Audit Trail
The audit trail page is an important tool that displays the audit trail of all actions across all nodes. This can provide you with a comprehensive view of what has happened to your systems, including changes to detected vulnerabilities and configuration settings that are protected by (CIS) compliance controls. This information can help you identify vulnerabilities and other issues that require attention.
In addition to operational changes, the audit trail also includes a list of management changes, which refer to changes made by you or a colleague to the settings of InControl. These changes can have a significant impact on the security of your systems, and it is important to keep track of them. For instance, changing the “action” setting of a control from “Enforce” to “Skip” will appear in the audit trail, allowing you to see who executed the change and the reason they specified for the change.
By regularly reviewing the audit trail, you can identify patterns of behavior and detect potential compliance and security issues before they become a problem. This can help you to proactively manage your systems and keep them secure.
The audit trail table is a crucial feature in the InControl system. It contains six columns that provide valuable information about the changes made to the system. Let’s take a closer look at each of these columns:
Column | Description |
---|---|
Date/Time | This column shows the date and time the audit record was registered in InControl. If the change is backed by a Vulnerability- or Compliance report containing the relevant change, clicking the date takes you to the connected report. This feature ensures that users can easily access important information about changes made to the system. |
Type | The type of audit record is displayed in this column. It is key to understand the type of record in order to know what kind of change was made. See the list of types below |
Environment | The name of the Puppet environment the node is running in. Clicking this will take you to the Environment details page |
Node | The name of the node. Clicking this will take you to the Node details page |
Message | A brief message describing the sort of change registered at a meta level is displayed in this column. This is useful when trying to get a high-level understanding of what changes were made. |
Reason | The reason the user cited for the change in the settings is displayed in this column. This is important for understanding the thought process behind the change. |
User | The InControl user who registered the change is displayed in this column. This is only stored for changes in InControl settings. For changes in the operational state, no user is stored and the column is empty. This information is valuable for tracking who made changes to the system. |
Audit Trail record types
InControl provides a comprehensive set of Audit Trails that enable users to monitor various aspects of their system. These Audit Trails are categorized as follows:
- Initial Vulnerability State: This Audit Trail records the initial Vulnerability report.
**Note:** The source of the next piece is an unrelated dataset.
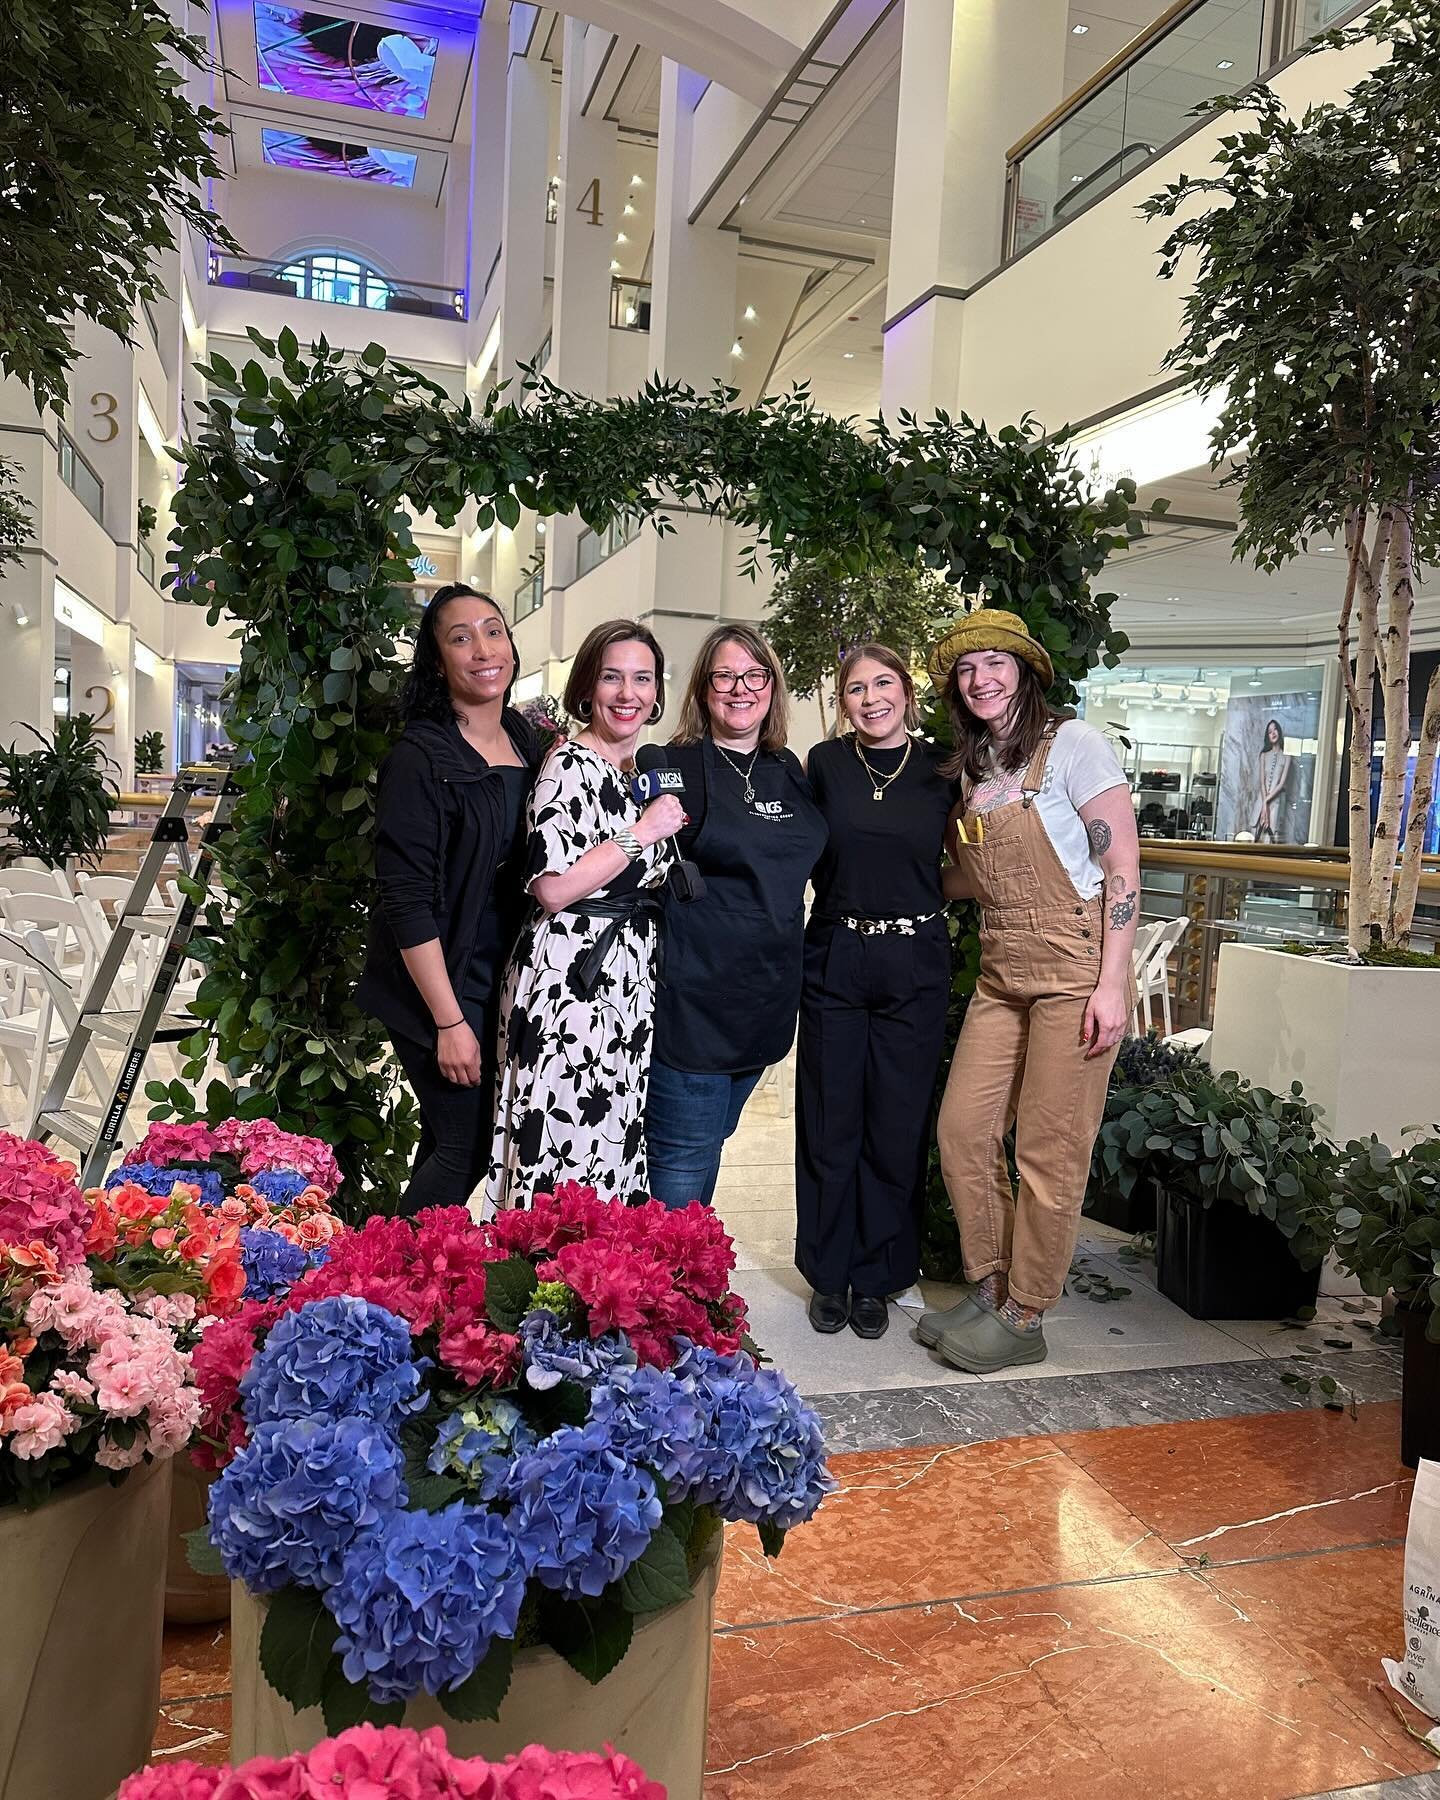 Thank you so much to @wgnmorningnews for supporting @fleursdevilles Artiste @900shops. We appreciate your dedication to all things local And having fun!

#aroundtown #chicago #city #thingstodo #weekendplans

- Initial Compliance State: This Audit Trail records the initial Compliance report.
- Vulnerability State Change: This Audit Trail tracks changes in detected vulnerabilities, including both additions and removals. By clicking on the date field, users can inspect the underlying report and determine if any actions need to be taken.
- Compliance State Change: This Audit Trail tracks changes in compliance state, including both increases and decreases in compliance. By clicking on the date field, users can inspect the underlying report and determine if any actions need to be taken.
- Vulnerability Node Setting: This Audit Trail records when an InControl user modifies the action to be taken on a detected vulnerability. This provides users with a detailed record of any changes made to their system.
- Control Change: This Audit Trail records when an InControl user modifies the action to be taken for a specified compliance control. By having a detailed record of any control changes, users can ensure that their system is always in compliance.
- Compliance Node Setting: This Audit Trail records when an InControl user modifies the settings of a node. This is particularly useful for users who have multiple nodes and need to keep track of changes made to each.
- User Change: This Audit Trail records when an InControl administrator modifies a user. This provides users with an added layer of security by ensuring that all user changes are documented and can be tracked if necessary.